First, an update on my daily art.  After 365 paintings in 2022, I came to the conclusion that I love to paint, but I have no ideas that I want to express in that medium.  I love the paint on the palette, the paint on the brush, the feel of the brush on the paper.  I love mixing colors and watching the accidental effects of wet-into-wet.  But throughout the year I struggled with what to paint.  I would get an idea, usually by copying from somebody else, and paint it more than once to see if it might strike a chord and stay with me.

In the past, when a student in my workshop or a blog reader would ask me whether they had my permission to use a technique I have used or taught, I would say of course you may (nobody owns an idea).  And if you like the technique, make it three times and by then it will change enough that it will belong to you, not to me.  I tried to apply this rule of thumb to my painting.

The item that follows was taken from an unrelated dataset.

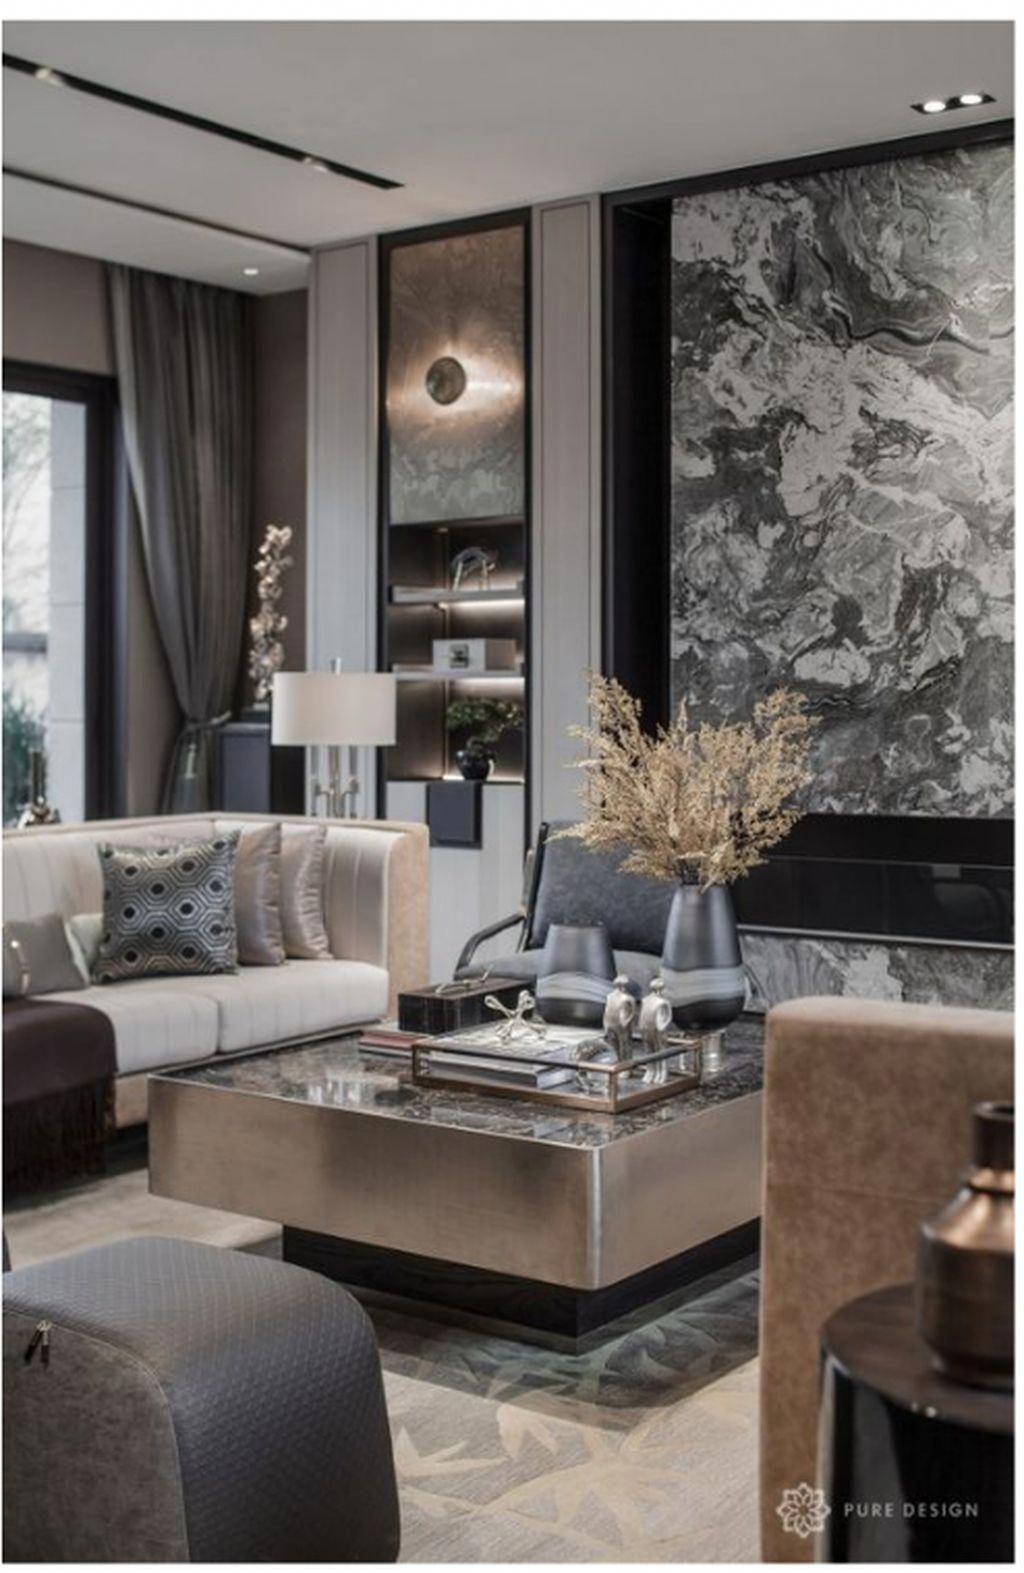 50 Cozy And Elegant Chinese Living Room Decoration Ideas Contemporarylivingroomdecorideas Asian Living Rooms Luxury Living Room Modern Style Living Room Asian decor living room

I've posted about the faces I painted based on black-and-white photos in the paper.  I did that 52 times, and maybe10 of them were pretty good.  But they were getting repetitive, and I didn't think that they in any way belonged to me.  

I thought maybe if I put some stitching into the paintings it would resonate, since stitching is so integral to the rest of my artistic life.  I made several with hand stitching, and a few with machine stitching, and again, I liked them, but there was no surge of desire to keep on making them and after ten tries I stopped trying.




I had a nice long run at the end of the year with 15 paintings following the tutorials of Vanidas Mangathil on Instagram (he's also on YouTube).  I loved painting the little people and I highly recommend his instruction if you're into painting little people.  But after two weeks I didn't see any signs of them moving into my art space.




By the end of the year, I had decided that I was done with painting.  In fact, I even cut up a bunch of pages from my painting sketchbooks to make my Christmas ornaments.



Sunday, October 16, 2022

Daily painting -- lots of faces

In my last post I showed you the very start of what has turned into a fairly long series of faces in my daily paint project.  I have been finding photos in the newspaper and using them as references to paint my own versions: all spaces heavily outlined, faces rendered in two different non-face-like colors against usually dark backgrounds.  I'll share some of the ones that I'm proud of (but you can see them all on my daily art blog). 


























As you can see, I do better with men than women!  I have tried women but have never been happy with the results.  Maybe it's the hair -- and why so many of the ones I like feature bald guys or those in hats!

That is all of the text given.